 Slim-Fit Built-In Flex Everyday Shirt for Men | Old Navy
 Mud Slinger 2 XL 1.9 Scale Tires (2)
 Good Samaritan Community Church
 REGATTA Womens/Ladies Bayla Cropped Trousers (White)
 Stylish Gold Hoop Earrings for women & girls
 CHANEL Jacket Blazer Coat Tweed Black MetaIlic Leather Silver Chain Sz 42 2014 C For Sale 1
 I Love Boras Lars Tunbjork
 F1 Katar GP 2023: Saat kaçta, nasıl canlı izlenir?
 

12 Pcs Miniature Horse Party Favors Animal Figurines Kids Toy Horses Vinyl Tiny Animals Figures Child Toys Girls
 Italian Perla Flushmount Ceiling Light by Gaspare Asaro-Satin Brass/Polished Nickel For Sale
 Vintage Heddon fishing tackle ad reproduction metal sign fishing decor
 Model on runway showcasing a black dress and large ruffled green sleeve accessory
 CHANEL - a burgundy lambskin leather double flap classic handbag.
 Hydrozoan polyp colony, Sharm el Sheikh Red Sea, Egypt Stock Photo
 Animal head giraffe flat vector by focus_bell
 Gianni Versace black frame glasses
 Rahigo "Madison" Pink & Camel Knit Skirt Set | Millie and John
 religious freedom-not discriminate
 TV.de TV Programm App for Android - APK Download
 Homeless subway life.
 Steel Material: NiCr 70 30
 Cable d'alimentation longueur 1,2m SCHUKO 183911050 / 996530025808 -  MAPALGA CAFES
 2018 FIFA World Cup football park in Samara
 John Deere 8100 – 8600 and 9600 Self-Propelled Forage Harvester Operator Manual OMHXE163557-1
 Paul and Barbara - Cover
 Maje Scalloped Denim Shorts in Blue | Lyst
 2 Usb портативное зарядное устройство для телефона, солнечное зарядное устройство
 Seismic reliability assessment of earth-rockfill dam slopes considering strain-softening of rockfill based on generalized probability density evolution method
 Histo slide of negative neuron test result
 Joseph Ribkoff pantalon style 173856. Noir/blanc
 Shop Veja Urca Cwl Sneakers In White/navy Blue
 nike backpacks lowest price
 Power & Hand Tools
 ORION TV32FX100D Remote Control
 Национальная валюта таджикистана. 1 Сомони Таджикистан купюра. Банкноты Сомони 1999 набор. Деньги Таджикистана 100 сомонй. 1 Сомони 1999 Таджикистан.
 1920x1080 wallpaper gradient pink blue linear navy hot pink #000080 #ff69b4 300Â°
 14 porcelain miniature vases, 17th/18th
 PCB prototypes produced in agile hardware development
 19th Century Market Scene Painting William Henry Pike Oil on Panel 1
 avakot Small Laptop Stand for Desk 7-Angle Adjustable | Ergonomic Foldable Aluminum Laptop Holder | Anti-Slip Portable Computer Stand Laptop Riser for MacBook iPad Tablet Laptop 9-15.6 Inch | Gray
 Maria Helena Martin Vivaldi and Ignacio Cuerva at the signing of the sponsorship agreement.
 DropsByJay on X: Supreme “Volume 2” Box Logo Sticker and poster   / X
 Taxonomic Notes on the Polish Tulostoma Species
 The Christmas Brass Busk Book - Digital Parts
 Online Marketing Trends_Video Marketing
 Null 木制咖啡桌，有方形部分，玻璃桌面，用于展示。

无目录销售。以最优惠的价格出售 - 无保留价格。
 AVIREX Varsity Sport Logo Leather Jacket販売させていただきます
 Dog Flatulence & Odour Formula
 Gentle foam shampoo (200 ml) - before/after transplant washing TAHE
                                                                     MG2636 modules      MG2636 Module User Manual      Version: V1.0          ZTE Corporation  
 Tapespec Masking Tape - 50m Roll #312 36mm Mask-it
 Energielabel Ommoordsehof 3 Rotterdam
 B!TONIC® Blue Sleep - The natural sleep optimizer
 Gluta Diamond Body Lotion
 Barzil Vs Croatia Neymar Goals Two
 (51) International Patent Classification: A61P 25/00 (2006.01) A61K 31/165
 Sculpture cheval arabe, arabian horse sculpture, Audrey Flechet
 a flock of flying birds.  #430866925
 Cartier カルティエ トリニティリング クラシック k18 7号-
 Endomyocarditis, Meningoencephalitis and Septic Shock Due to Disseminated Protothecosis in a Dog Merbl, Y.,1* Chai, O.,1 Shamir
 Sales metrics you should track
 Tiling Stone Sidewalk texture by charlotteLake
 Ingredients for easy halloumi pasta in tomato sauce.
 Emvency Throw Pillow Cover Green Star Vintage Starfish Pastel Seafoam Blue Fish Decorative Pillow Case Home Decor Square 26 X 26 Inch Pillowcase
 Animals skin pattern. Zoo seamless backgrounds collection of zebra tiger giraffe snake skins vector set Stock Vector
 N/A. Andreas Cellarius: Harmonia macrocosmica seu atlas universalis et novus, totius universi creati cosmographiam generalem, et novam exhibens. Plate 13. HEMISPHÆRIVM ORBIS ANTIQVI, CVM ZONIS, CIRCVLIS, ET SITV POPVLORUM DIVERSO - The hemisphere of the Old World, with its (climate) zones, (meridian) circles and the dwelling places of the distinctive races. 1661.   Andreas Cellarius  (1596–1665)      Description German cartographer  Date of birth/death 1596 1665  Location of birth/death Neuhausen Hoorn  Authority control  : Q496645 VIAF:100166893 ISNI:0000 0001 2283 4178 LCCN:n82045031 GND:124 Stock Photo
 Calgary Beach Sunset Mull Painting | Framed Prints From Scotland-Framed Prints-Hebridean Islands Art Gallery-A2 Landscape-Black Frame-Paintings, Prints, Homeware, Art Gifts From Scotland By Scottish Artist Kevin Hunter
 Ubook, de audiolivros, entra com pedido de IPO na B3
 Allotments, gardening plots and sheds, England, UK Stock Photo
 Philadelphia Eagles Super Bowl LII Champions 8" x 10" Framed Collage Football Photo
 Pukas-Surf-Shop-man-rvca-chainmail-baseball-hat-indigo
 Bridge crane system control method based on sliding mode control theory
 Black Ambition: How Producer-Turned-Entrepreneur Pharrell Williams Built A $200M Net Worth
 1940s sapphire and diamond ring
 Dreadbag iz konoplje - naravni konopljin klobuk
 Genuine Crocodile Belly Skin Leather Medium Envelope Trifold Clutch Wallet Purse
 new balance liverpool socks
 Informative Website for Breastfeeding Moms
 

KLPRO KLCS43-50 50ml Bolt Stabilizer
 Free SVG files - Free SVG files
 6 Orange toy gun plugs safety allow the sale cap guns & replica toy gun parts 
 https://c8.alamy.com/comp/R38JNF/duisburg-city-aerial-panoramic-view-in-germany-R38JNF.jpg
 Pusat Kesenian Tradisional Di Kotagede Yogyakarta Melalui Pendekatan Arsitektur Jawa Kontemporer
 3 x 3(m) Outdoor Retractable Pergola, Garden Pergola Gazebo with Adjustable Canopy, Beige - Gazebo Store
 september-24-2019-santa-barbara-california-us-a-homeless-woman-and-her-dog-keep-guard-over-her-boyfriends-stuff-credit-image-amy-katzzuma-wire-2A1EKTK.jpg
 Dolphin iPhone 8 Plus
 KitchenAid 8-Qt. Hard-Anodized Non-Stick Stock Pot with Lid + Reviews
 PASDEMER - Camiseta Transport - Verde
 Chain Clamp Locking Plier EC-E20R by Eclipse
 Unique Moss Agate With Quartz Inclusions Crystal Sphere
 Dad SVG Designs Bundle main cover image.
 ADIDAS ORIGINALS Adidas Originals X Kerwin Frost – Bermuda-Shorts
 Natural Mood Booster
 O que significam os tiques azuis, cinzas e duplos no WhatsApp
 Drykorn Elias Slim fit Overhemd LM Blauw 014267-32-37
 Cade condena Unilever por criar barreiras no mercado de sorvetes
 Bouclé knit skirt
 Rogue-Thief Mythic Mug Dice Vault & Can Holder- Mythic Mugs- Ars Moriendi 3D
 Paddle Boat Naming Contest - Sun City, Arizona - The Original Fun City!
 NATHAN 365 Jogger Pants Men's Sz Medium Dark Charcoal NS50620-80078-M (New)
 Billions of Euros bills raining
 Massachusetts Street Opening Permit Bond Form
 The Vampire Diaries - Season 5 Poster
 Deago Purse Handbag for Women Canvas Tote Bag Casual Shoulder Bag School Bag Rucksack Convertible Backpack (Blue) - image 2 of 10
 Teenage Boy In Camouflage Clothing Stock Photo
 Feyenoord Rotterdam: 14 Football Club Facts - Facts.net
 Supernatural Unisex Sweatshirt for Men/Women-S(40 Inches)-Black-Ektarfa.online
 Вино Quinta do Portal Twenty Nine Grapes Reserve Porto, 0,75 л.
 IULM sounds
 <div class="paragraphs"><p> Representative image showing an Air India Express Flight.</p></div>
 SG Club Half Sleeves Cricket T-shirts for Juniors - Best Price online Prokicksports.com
┄┄┄┄┄┄
-- PROBLEM DETAILS --
Proceeding from the line containing "Endomyocarditis, Meningoencephalitis and" through the line containing "Emvency Throw Pillow", transcribe the lines above exactly, both end lines included.

-- SOLUTION FOR THIS TASK --
 Endomyocarditis, Meningoencephalitis and Septic Shock Due to Disseminated Protothecosis in a Dog Merbl, Y.,1* Chai, O.,1 Shamir
 Sales metrics you should track
 Tiling Stone Sidewalk texture by charlotteLake
 Ingredients for easy halloumi pasta in tomato sauce.
 Emvency Throw Pillow Cover Green Star Vintage Starfish Pastel Seafoam Blue Fish Decorative Pillow Case Home Decor Square 26 X 26 Inch Pillowcase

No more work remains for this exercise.